政治家が最も好んで使う言葉の一つが「国民」だろう。KS表示が、韓国の商品の品質認証に使われているように、政治家は自分の政策が、正しくかつ正当だという表示として、常に国民を口実にする。
しかし、どんな政策であれ、国民から一致した認証を受けることは難しい。独裁国家では、物理的手段を動員してでも「国民の認証」を受け取るだろうが、韓国のような多元主義社会では、それが不可能なのだ。その代わり、政治指導者の能力を判別するのは容易である。多様な国民の意見をいかに調和を保ちつつ調整をとって行けるかが、まさにその物差しとなる。どんなに執着と熱情を持って声高に訴えても、ついてくる者が少なければ、彼は少数のための政治指導者にすぎないのだ。
先日、金大中(キム・デジュン)大統領が「これからは国民を相手に政治を行なう」と述べ、議論を呼んだ。単純に考えれば、金大統領はごく当然のことを言ったように見受けられる。民主国家であれ、独裁国家であれ、政治の相手はどのみち国民だからだ。そのうえ最近は、マスコミの発達で、大統領が街角や執務室で数人の国民に会っただけで、国民全体を相手にしたかのような政治的效果をあげることができる。マスコミを利用する21世紀版直接民主主義は、これからもさらに人気を集めることだろう。
しかし、金大統領の言葉の中には、釈然としない論理が潜んでいるようだ。金大統領の「国民を相手にする」という言葉は、林東源(イム・ドンウォン)前統一部長官の解任問題が、自民連のためにやむなく国会票決に傾いた頃、初めて飛び出した。大統領府側は、金大統領の言葉に対して「林長官の解任で太陽政策が一時的な困難に陥っても、国民の支持をバックにこれを推進する」という決意を見せたものと説明した。

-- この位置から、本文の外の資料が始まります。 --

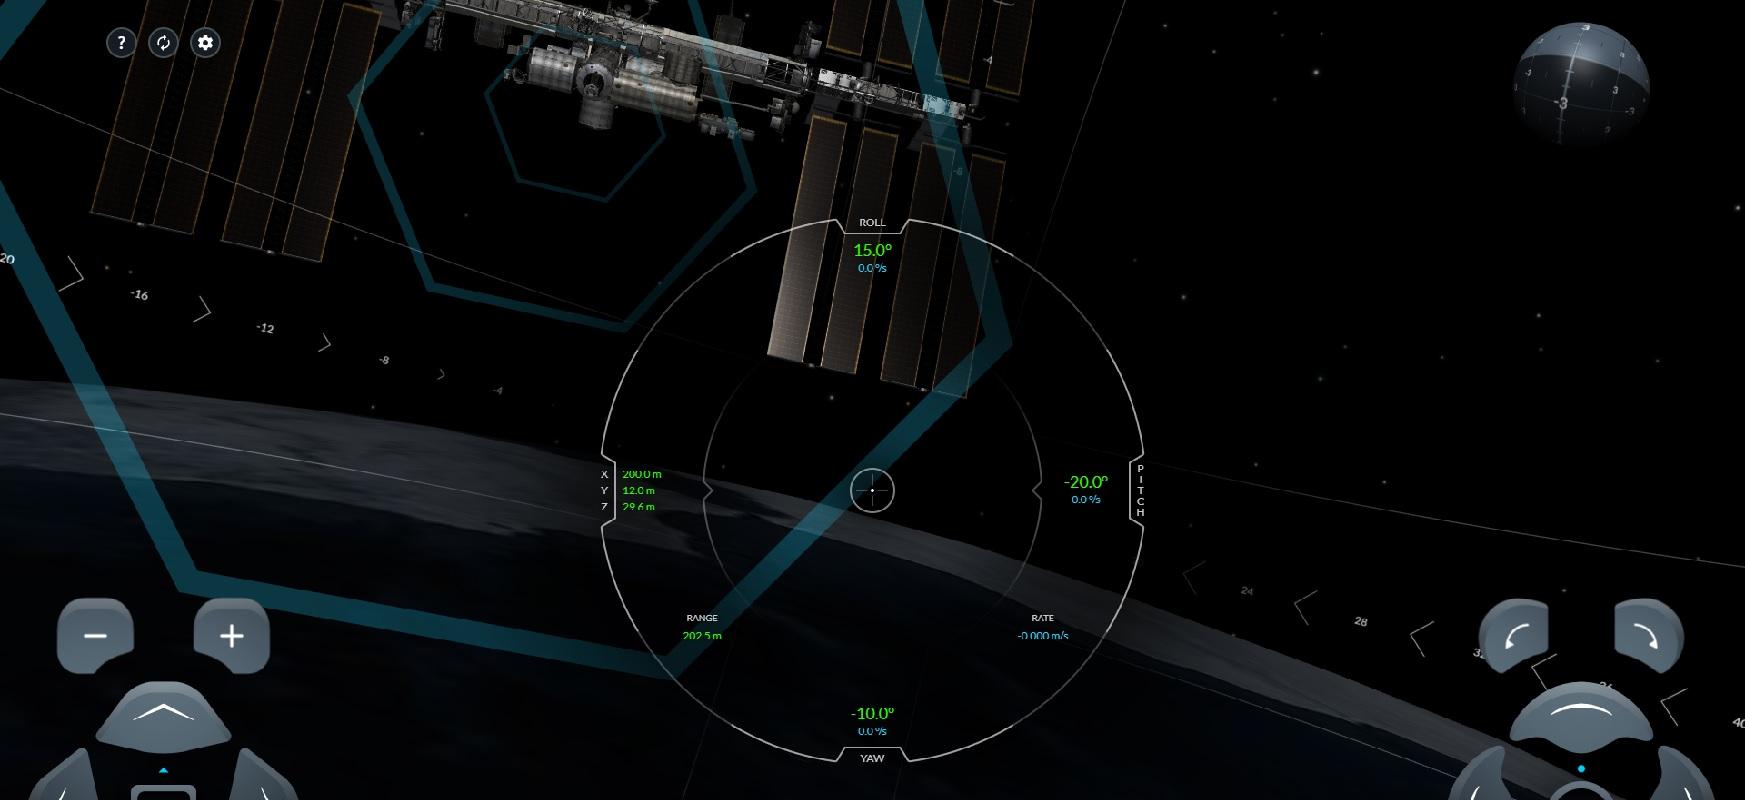 SpaceX-ek drago amarrarren simuladorea eskuragarri jarri du ISS-entzat.  Denek probatu dezakete
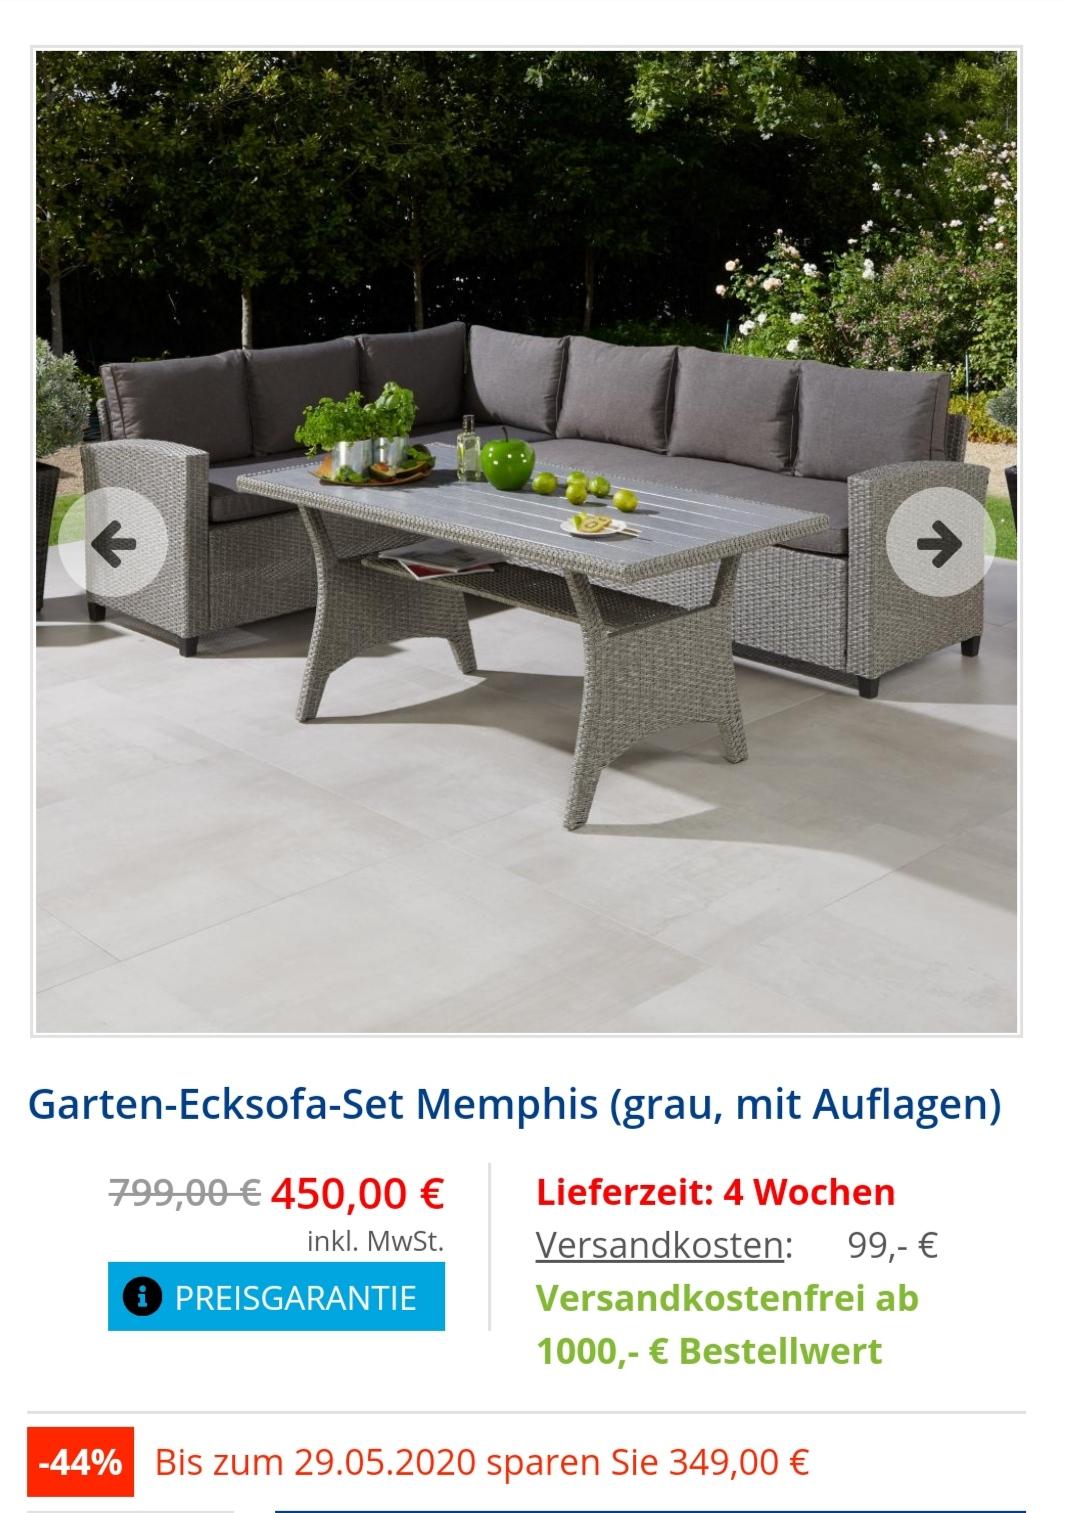 Dänisches Bettenlager Garten Ecksofa Set mit Auflagen um 44% reduziert. Mit KPGB3C Rabattcode nochmal 20 Euro Direktabzug. Payback 7fach

そのため一部からは、太陽政策に関する限り、大統領は与小野大となった国会をこれ以上相手にしないという意味ではないか、という解釈まで登場した。金大統領が本当にそのような意思を持っているのだろうか。連立政府の一つの軸であった自民連が、背を向け引揚げる様子を見つめる金大統領の心境は、理解に難くない。だからと言って、大統領が国会を相手にしないとすれば、それは議会民主主義を放棄するのも同然だ。あってはならない独善であり、強がりとしか言いようがない。
太陽政策を進めるために国民を直接相手にするという言葉そのものにも、論争の種が潜んでいる。国民とは、端的に言って、国家を構成する個人或いはそれ全体を言う。現在、国民全体が太陽政策を全面的に支持しているというわけではない。かなりの部分を補完して修正しなければならないというのが多数の意見だ。それが林長官の解任決意に反映された民意なら、金大統領が太陽政策をそのまま推し進めるために、直接相手にするという国民はどういう国民であろうか。多数の国民なのか、それとも統一への熱情だけに浸っている一部の国民なのか。
特定組織や階層または階級だけを支持基盤とする政治指導者は、結局失敗した政治指導者として落ちぶれるということが、前世紀の教訓だ。彼らはいずれも、自分の支持勢力の中でのみ安住したため、国民全体を見る調和とバランス感覚を生かせなかったのだ。
今の金大統領は、太陽政策の誤った部分に対する批判をどれほど真剣に受け止めているのかはわからない。韓国社会に理念的な葛藤と対立の溝が、これほど深まった最も大きな理由の一つは、政府が「太陽」だけにあまりにも執着しすぎたからだ。「陰」を主張する人々の意見を疎かにしたからだ。金大統領は、太陽政策の「太陽」だけを強調する国民だけでなく、太陽政策の「陰」を指摘する反対の声にも耳を傾けるべきだ。「太陽」と「陰」を賢明に調和させるリーダーシップを発揮しなければならない。
今日から開かれる南北閣僚級会談は、金大統領のそのようなリーダーシップを見極められる格好の機会となるだろう。「太陽」だけを議題とするのではなく「陰」に対しても率直な話がなければならない。民族だの同胞だのと感情だけに浸るよりも、冷静に南北韓関係を省みる時間も持ってもらいたい。多数の国民が、今回の会談で韓国側がどうしても言わなければならない、しかし、北朝鮮側には耳が痛いかもしれない話が、どれだけ取上げられるか見守っている。